Based upon DOMA’s definitions of marriage and spouse, the IRS has ruled that a same-sex domestic partner is not a spouse of an employee for purposes of the IRC. E.g., PLR 9850011 (1998). That ruling concerned the proper Federal income tax treatment of providing health benefits to same-sex domestic partners of employees who qualified for such benefits under certain health plans.2

Pursuant to D.C. Official Code § 47-1805.01(e), a couple may not file a District joint or combined-separate income tax return unless the couple filed a joint Federal income tax return and that couple was eligible to file such a return. IRC § 6013, which is contained in an Act of Congress, provides that only a husband and wife can file a joint Federal income tax return. That section variously refers to a husband and wife as a “spouse” or a “surviving spouse.” IRC §6013(d)(2) further indicates that in order for a couple to retain their status as husband and wife for joint return purposes, they must be legally married.

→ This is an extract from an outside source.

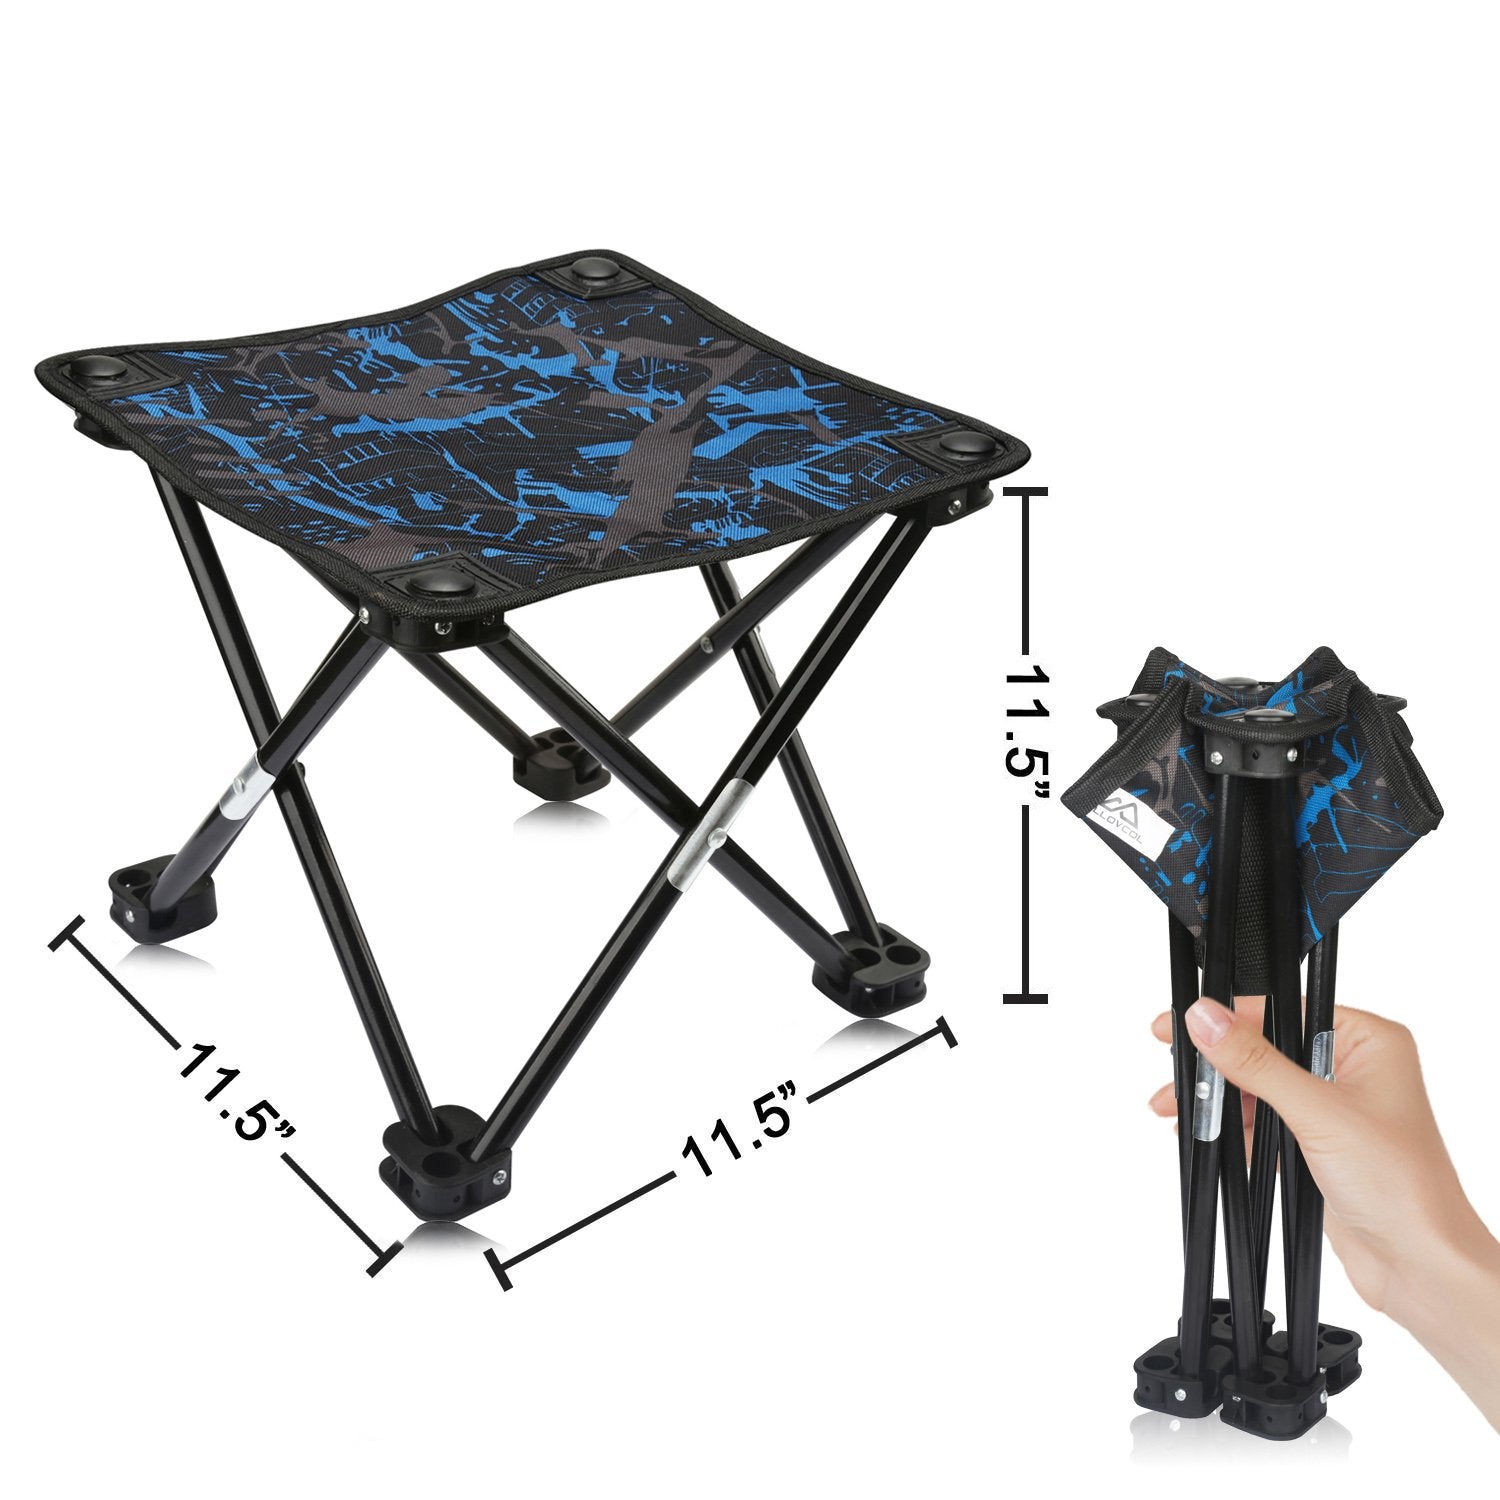 AILLOVCOL Camping Stool Portable Folding Stool Portable Chair Mini Foldable Stool Fishing Stool for Adults Fishing Hiking Gardening and Beach with Carry Bag(Camouflage) (Blue)

Because DOMA provides that in any Act of Congress referring to a marriage, including a Federal tax statute, that the husband is a man, the wife is a woman, and a spouse is a person of the opposite sex who is a husband or wife, only a married, heterosexual couple may file a joint Federal income tax return. A married same-sex couple may therefore not file a joint Federal income tax return.

District income tax law provides for automatic Federal conformity. Thus, under automatic Federal conformity, whenever Congress amends a provision of the IRC that is cited in a District income tax law, the District law is automatically amended to incorporate the revised provision of the IRC unless the Council legislates a rejection of that revision. D.C. Official Code §§ 47-1801.04(28A), 1816.03(a).

Accordingly, it is concluded that because a married, same-sex couple may not file jointly for Federal tax purposes, the couple cannot file a joint or combined-separate income tax return under the District’s income tax laws. OTR believes this conclusion will not change even if the District recognizes the validity of an out-of-state marriage involving a same-sex couple. The eligibility to file such returns depends on meeting Federal requirements for filing a joint return, not whether the District recognizes the couple as legally married. In addition, if a heterosexual couple fails to file a joint return for federal income tax purposes, it cannot file jointly or combined-separately for District income tax purposes.

1. This ruling addresses DOMA’s definitions of “marriage” and “spouse” and its meaning of “husband and wife” as applied to the IRC and does not provide advice on any of DOMA’s other applications.

2. Although the IRS position is that a private letter ruling can only be relied on by the taxpayer to whom the ruling was issued, the ruling nonetheless suggests that the IRS will interpret any Federal income tax statute that refers to “marriage,” “spouse,” or “husband and wife” pursuant to DOMA.